Masterarbeit
Automated Metadata Annotation of Research Data with Homonym Disambiguation
Completion
2024/05
Research Area
Intelligent Information Management
Advisers
Description
CKAN is a popular repository and framework for Research Data
and Research Data
Management. Its core functionality consists of the ability to
upload datasets, as well as to annotate them with metadata, such as keywords, description,
and title. In the context of enriching datasets with metadata, finding the most suitable
tags out of a predefined set of available keywords for a specific dataset can be quite
difficult as that requires knowledge about the already existing tags which could result in
improper annotated datasets. Additionally, some tags might be homonyms which - if not
disambiguated - make it hard to correctly classify a dataset. This thesis explores
algorithms and techniques for automatic annotation of datasets with plausible tags based
on a specified context, e.g., the dataset description, title or previous work of the
author and their field. Additionally, the investigated and implemented techniques should
also be aware of the semantics of the keyword and thus capable of automatically
disambiguating homonyms.
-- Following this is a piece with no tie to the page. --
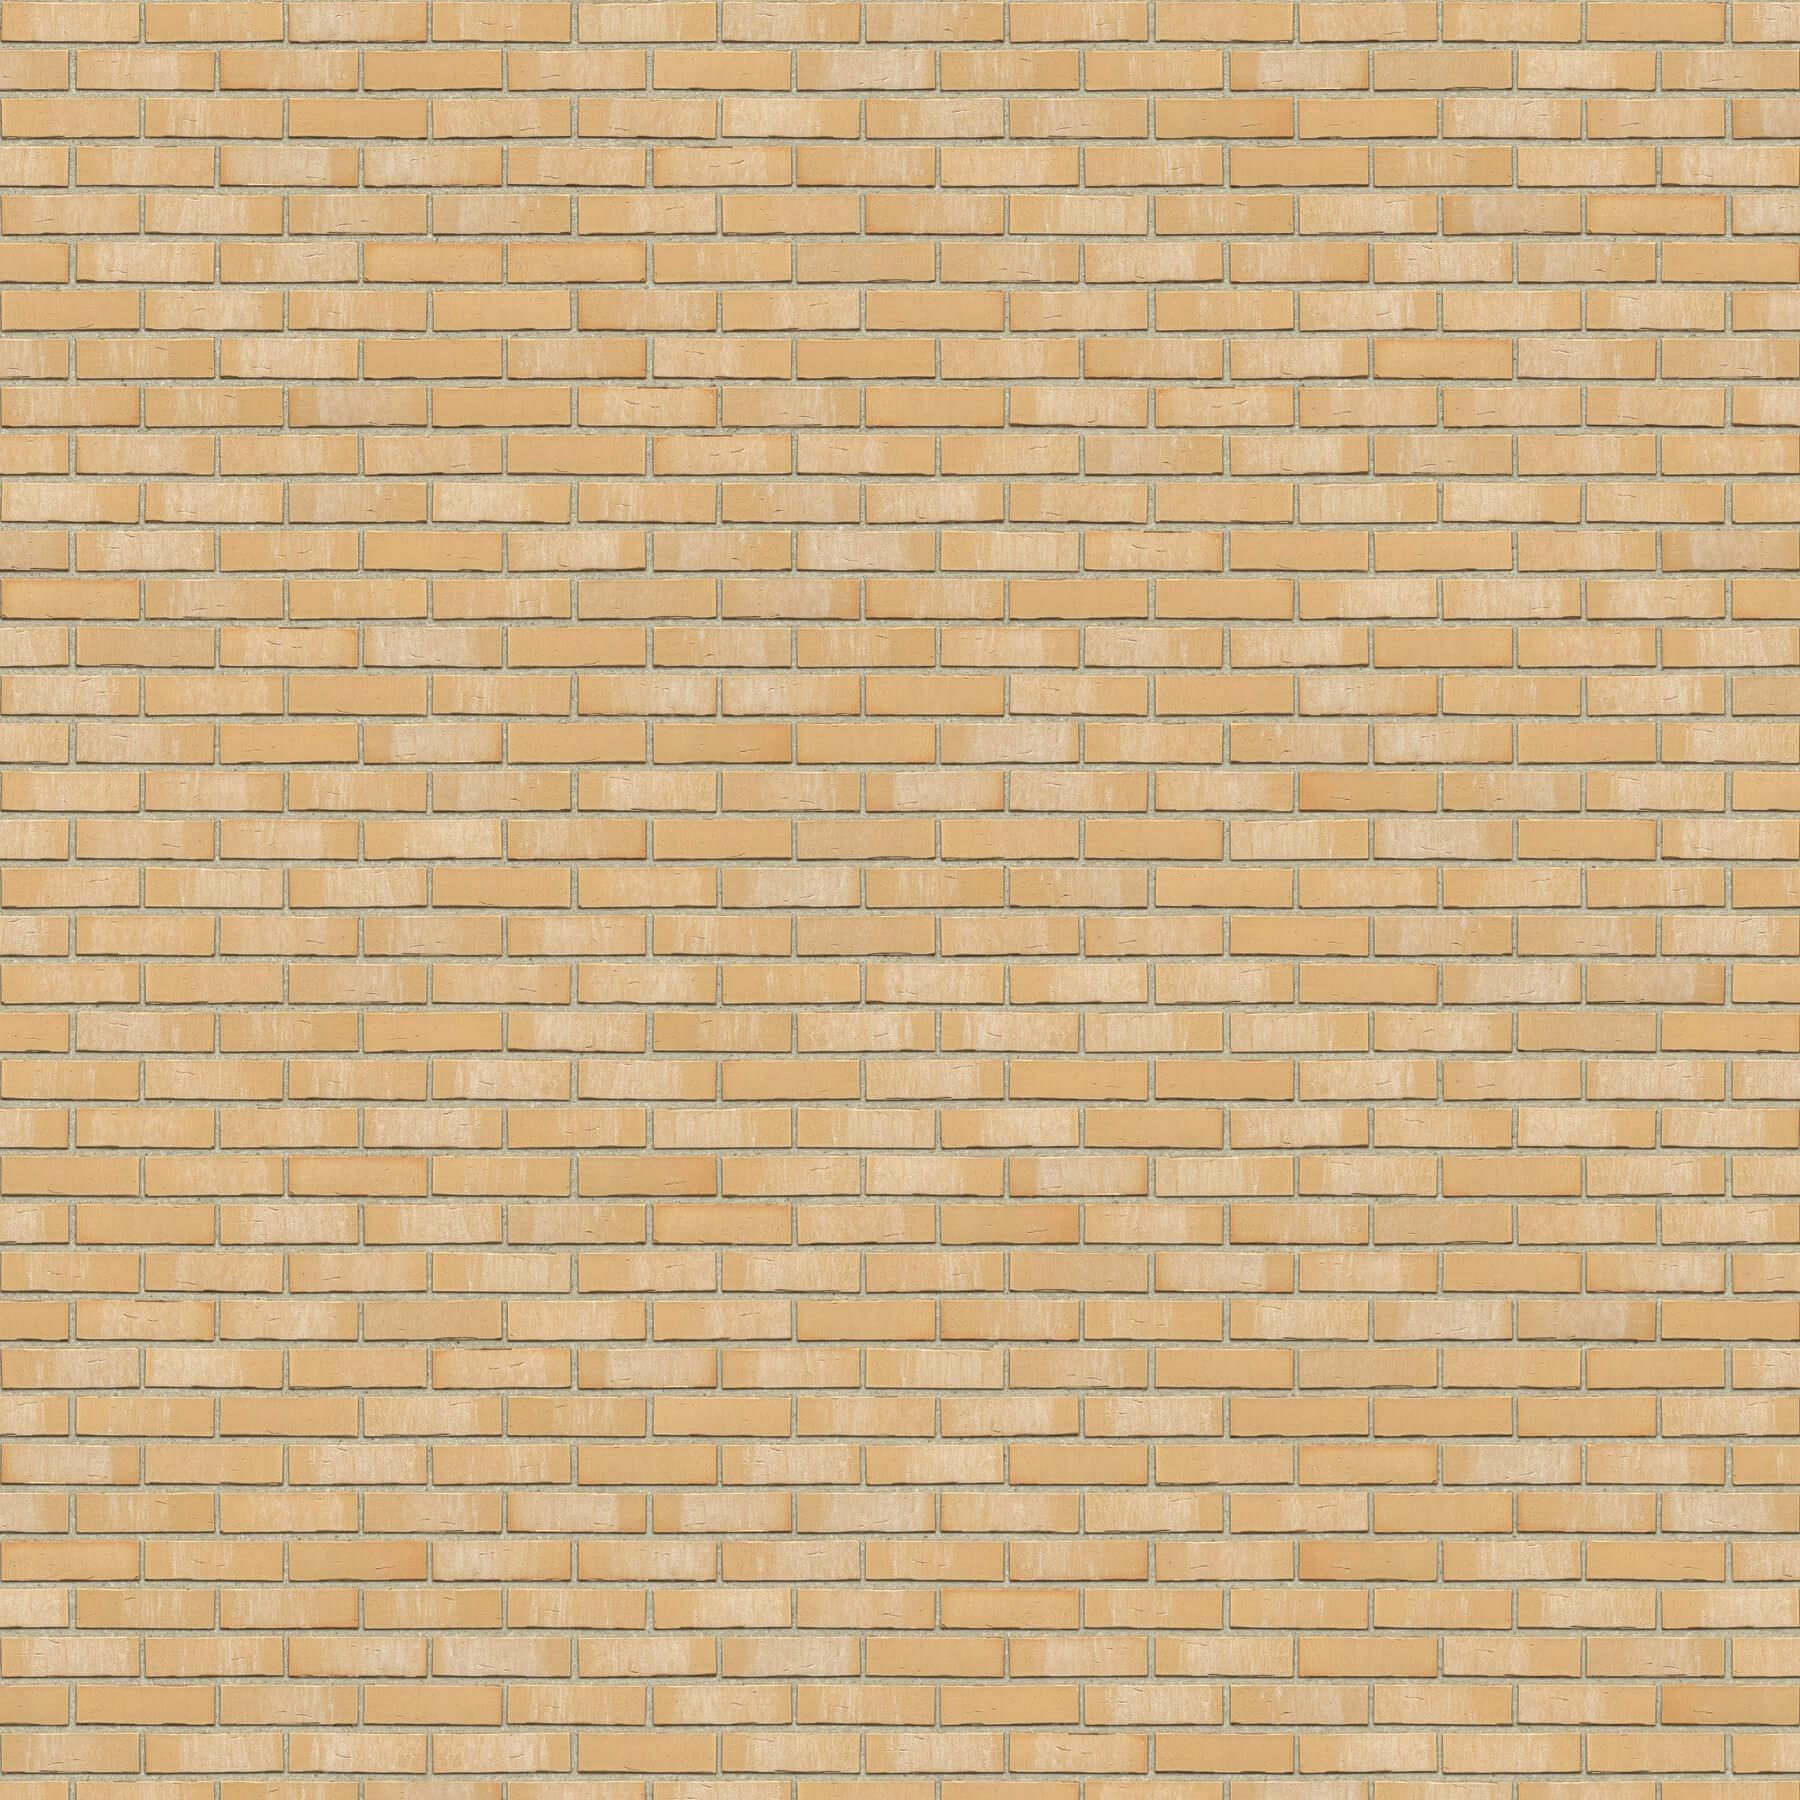 Dekorativna cigla listela FeldHaus Klinker r-756 nf Bez
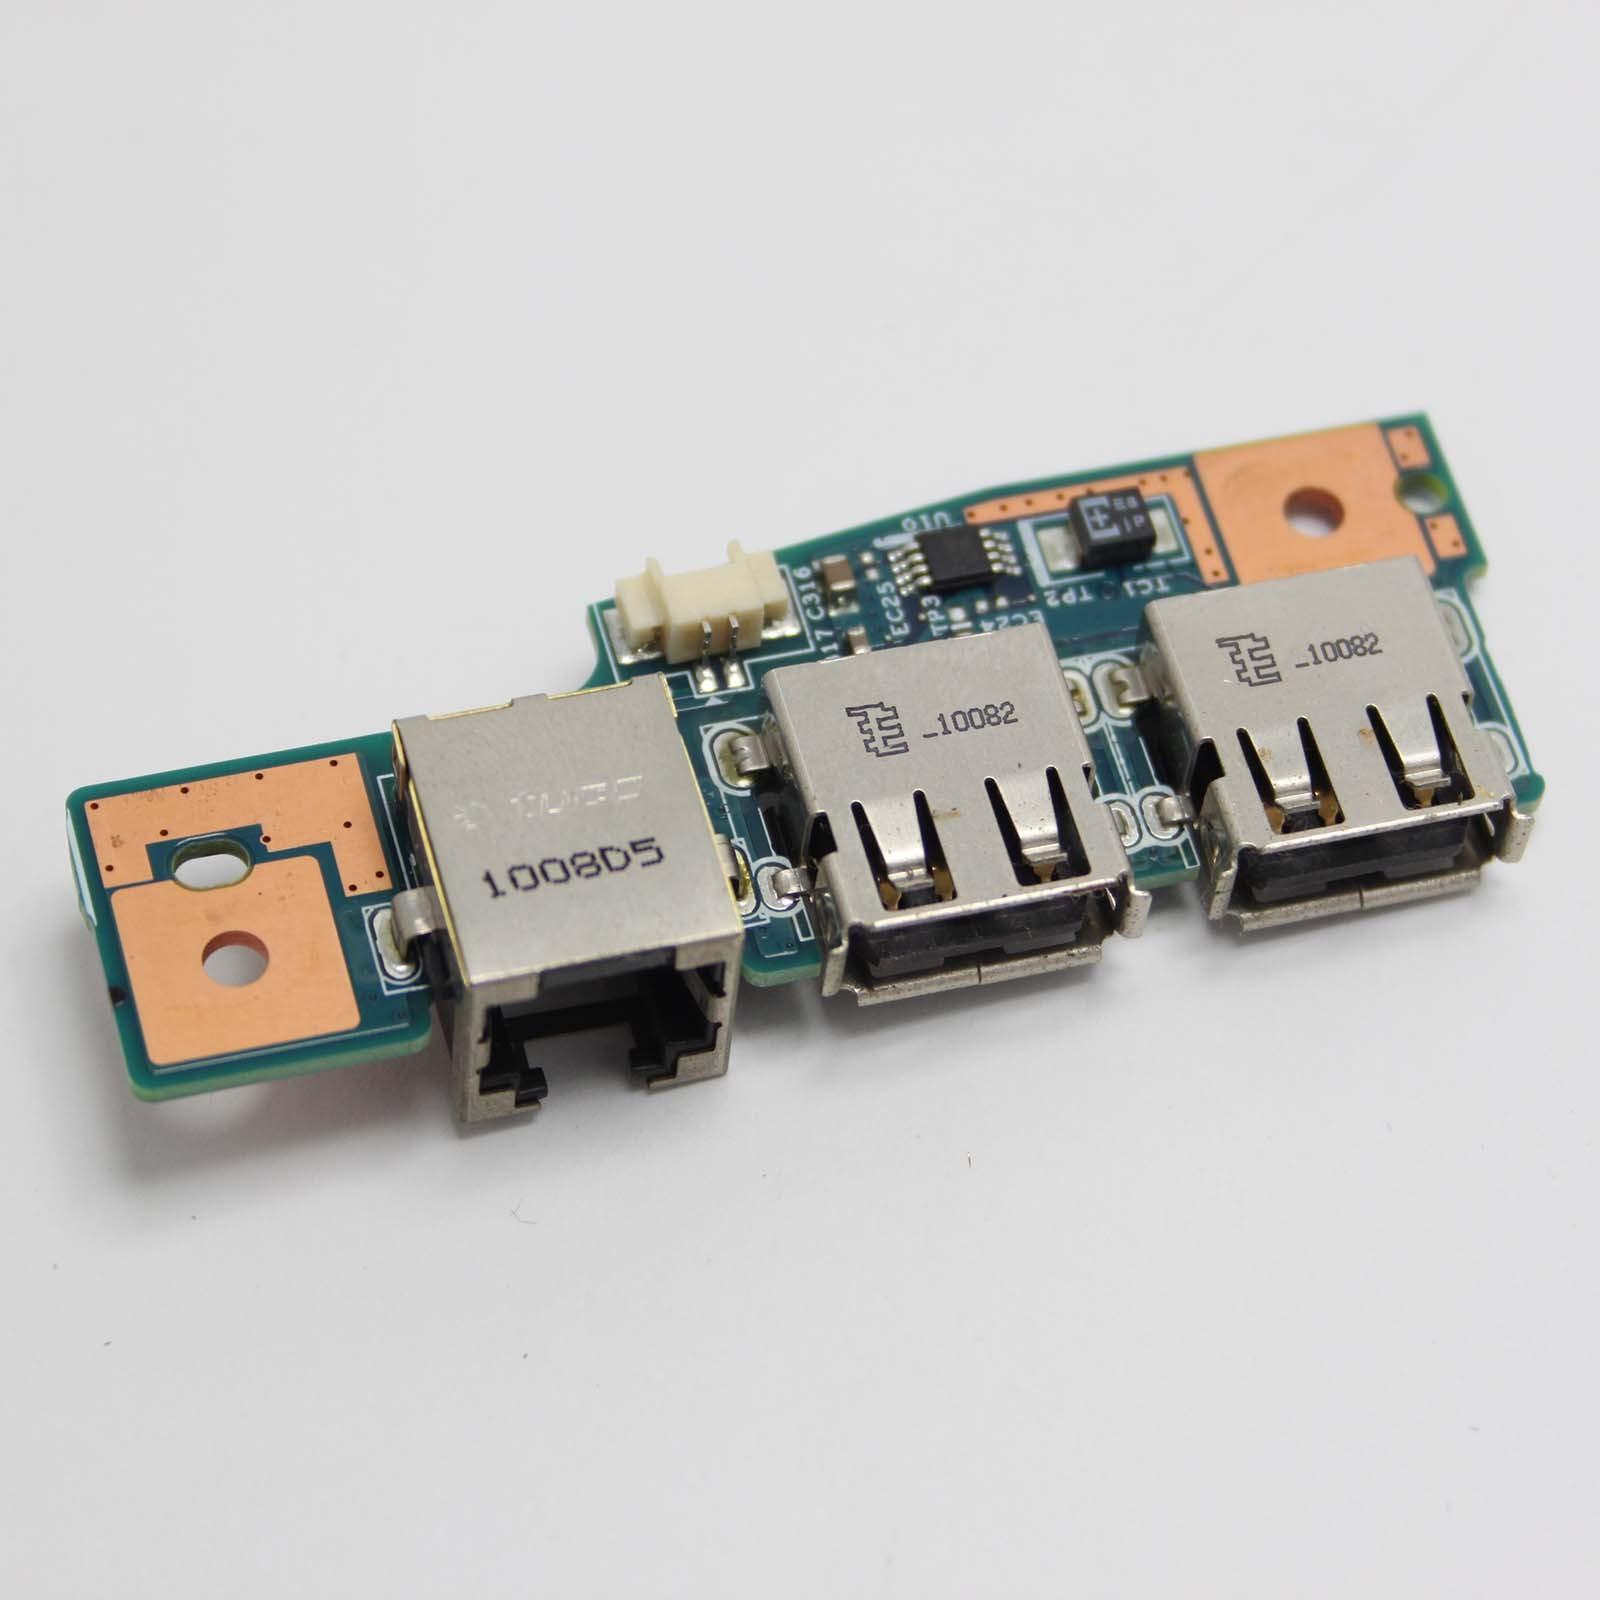 Porte USB Packard Bell Easynote TJ65 MS2273 ingresso modem 48.4BU02.01M

The objective of this thesis consists of research into the
different approaches of automatic annotation of datasets with keywords and their
capabilities in performing disambiguation on homonym tags as described above. Thus, a
thorough State-of-the-art analysis must be conducted, and the most applicable approaches
should be implemented, and their performance evaluated in an objective manner based on
different existing metrics and benchmarks. Additionally, a demonstrator has to be created
which shows the capabilities of the implemented algorithms.